Keberatan yang diajukan penuntut kasasi : bahwa Pengadilan Negeri menolak saksi a decharge hanya dengan kata-kata dipandang tidak perlu. Tidak dapat diterima, karena saksi-saksi a decharge termaksud pada hakekatnya saksi-saksi ahli juga dan Pengadilan sudah merasa cukup memperoleh penjelasan dari saksi-saksi ahli yang telah didengar. (Putusan MA tgl. 16-5-1973 No. 18 K/Kr/1971)

Isteri yang sah dari tertuduh tidak dapat dijadikan sebagai saksi yang disumpah. (Putusan MA tgl. 14-5-1973 No. 28 K/Kr/1972). Sebagai pengganti visum et repertum dapat juga didengar keterangan saksi ahli. (Putusan MA tgl. 5-11-1969 No. 10 K/Kr/1969) Menurut pasal 306 (2) HIR Hakim tidak terikat pada pendapat seorang ahli (i.c. pendapat Dr.
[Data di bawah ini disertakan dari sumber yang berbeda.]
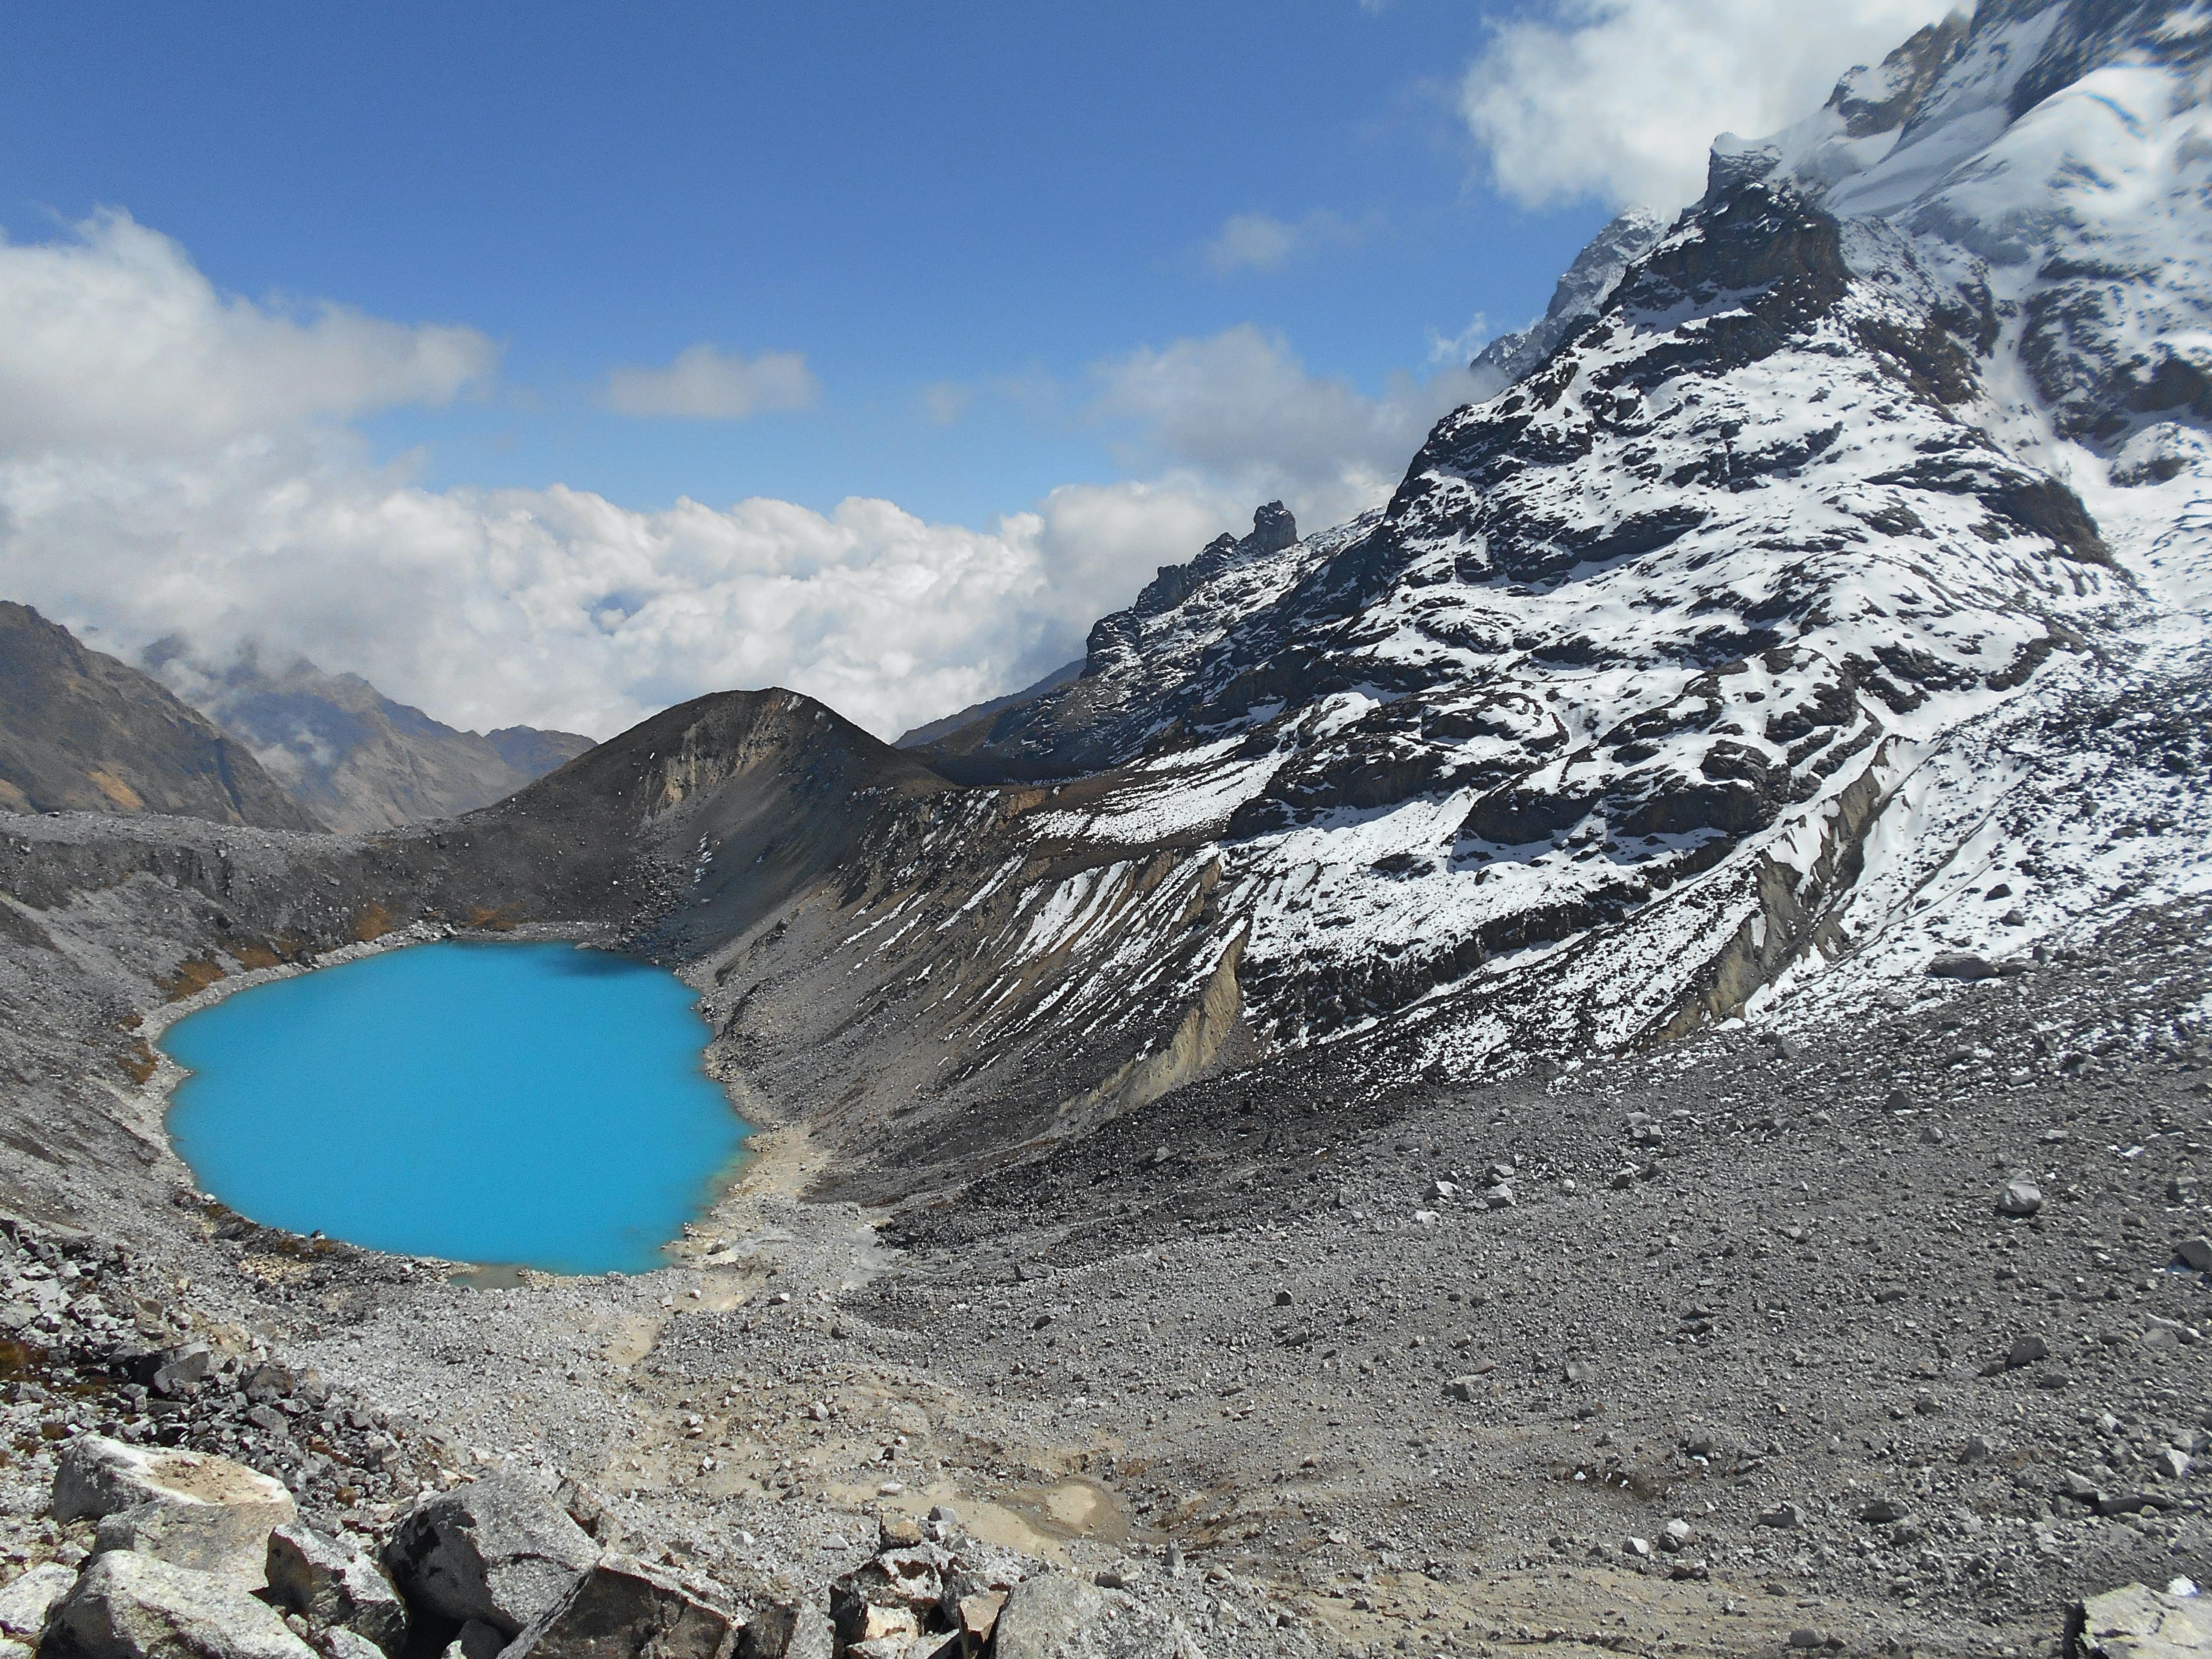 bright blue lake next to snowy mountain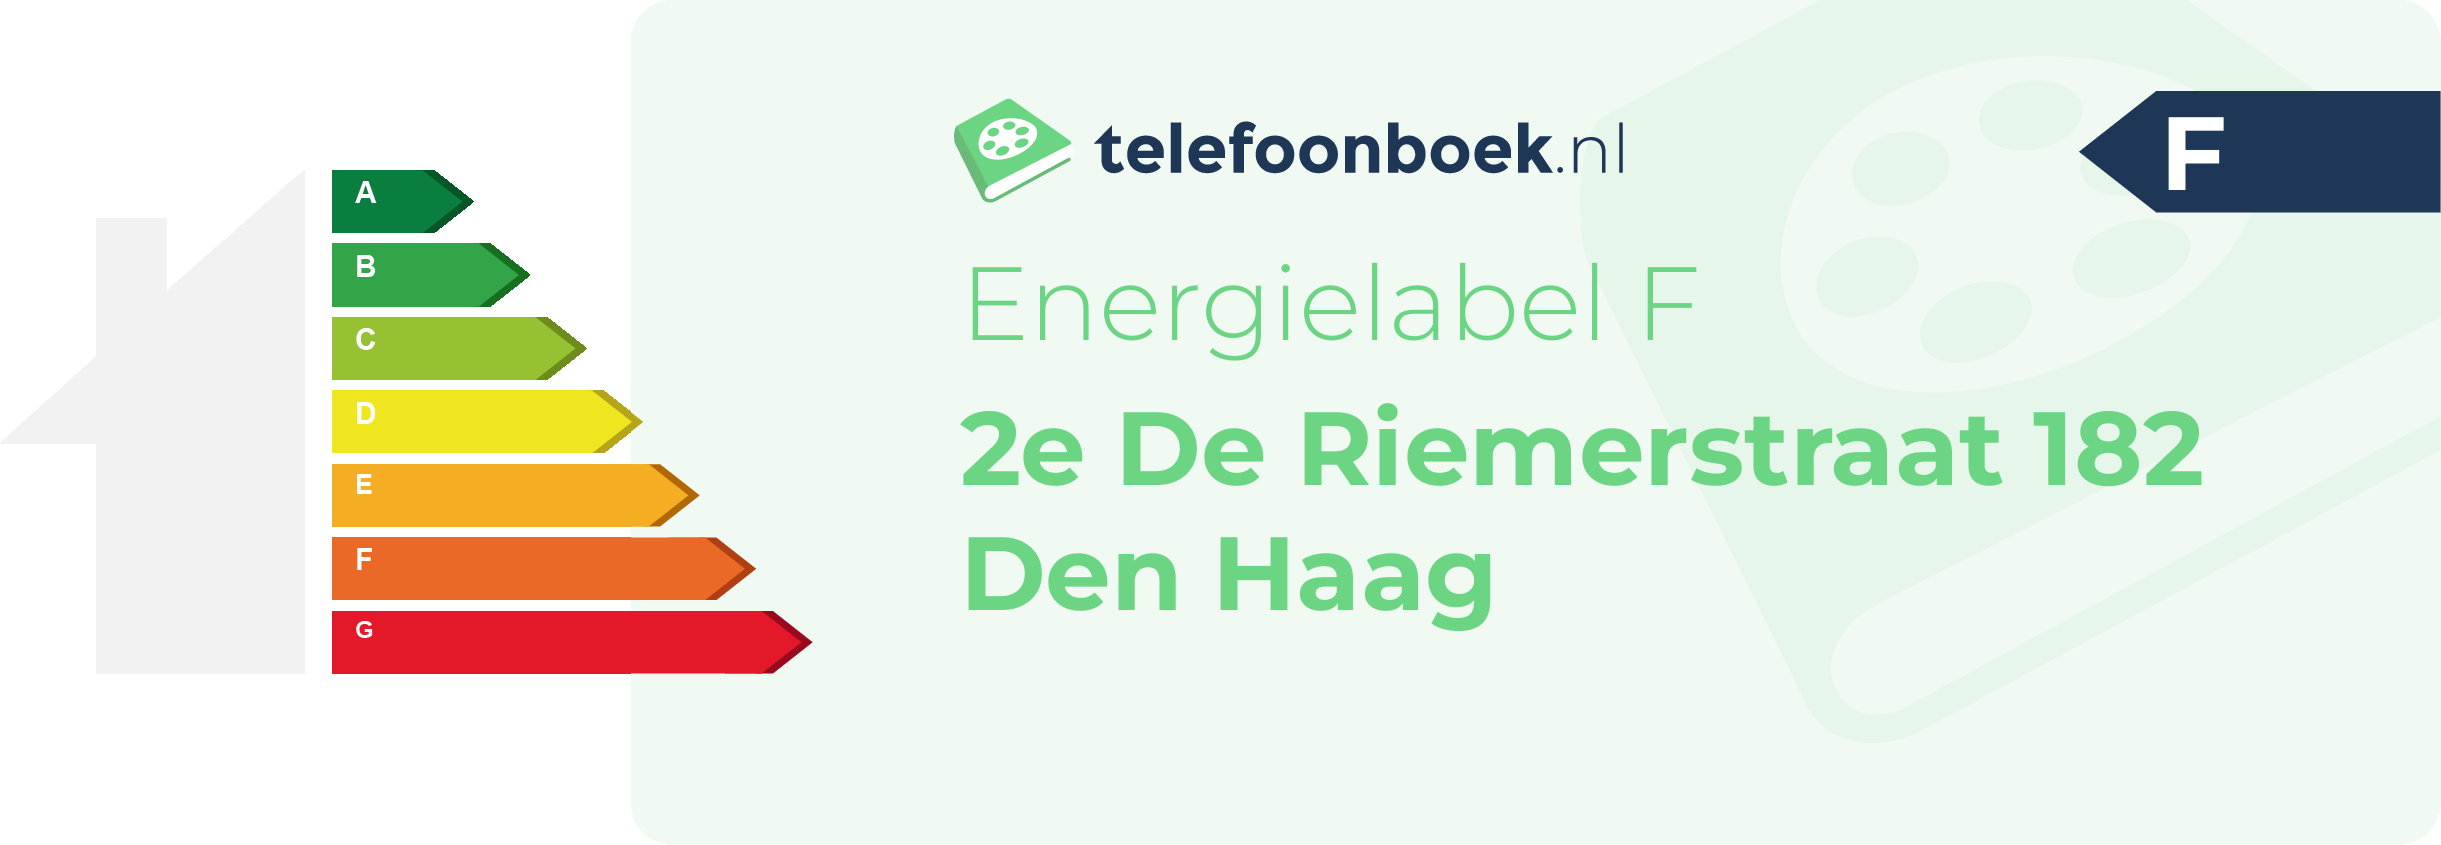 Energielabel 2e De Riemerstraat 182 Den Haag

Sie Swie Dong dengan visum et repertum) jika pendapat ini bertentangan dengan keyakinannya.

Berdasarkan atas pasal 47 jo pasal 52 Landgerecht Reglement keterangan dari seorang saksi yang diberikan dihadapan Magistrat Pembantu, yang dibacakan di sidang Pengadilan Negeri, adalah suatu alat pembuktian yang sah. (Putusan MA tgl. 15-4-1957 No. 167 K/Kr/1956)

Berdasarkan pasal 303 HIR keterangan-keterangan saksi yang diberikan di sidang Pengadilan tanpa sumpah, dapat dipergunakan sebagai tambahan dari upaya pembuktian yang berhubungan; dalam perkara ini keterangan-keterangan dari penuntut kasasi sendiri. (Putusan MA tgl. 1-12-1956 No. 137 K/Kr/1956)

Seorang terdakwa dalam perkara lain, meskipun peristiwanya sama, dapat saja didengar sebagai saksi. (Putusan MA tgl. 25-10-1967 No. 60 K/Kr/1967)

Theori mengenai onsplitsbaar aveu hanya berlaku dalam perkara perdata dan tidak dalam perkara pidana. (Putusan MA tgl. 18-9-1957 No. 5 K/Kr/1957)

Karena terdakwa di sidang Pengadilan Negeri mengaku atas segala yang dituduhkan kepadanya, Hakim cukup mendengar seorang saksi saja.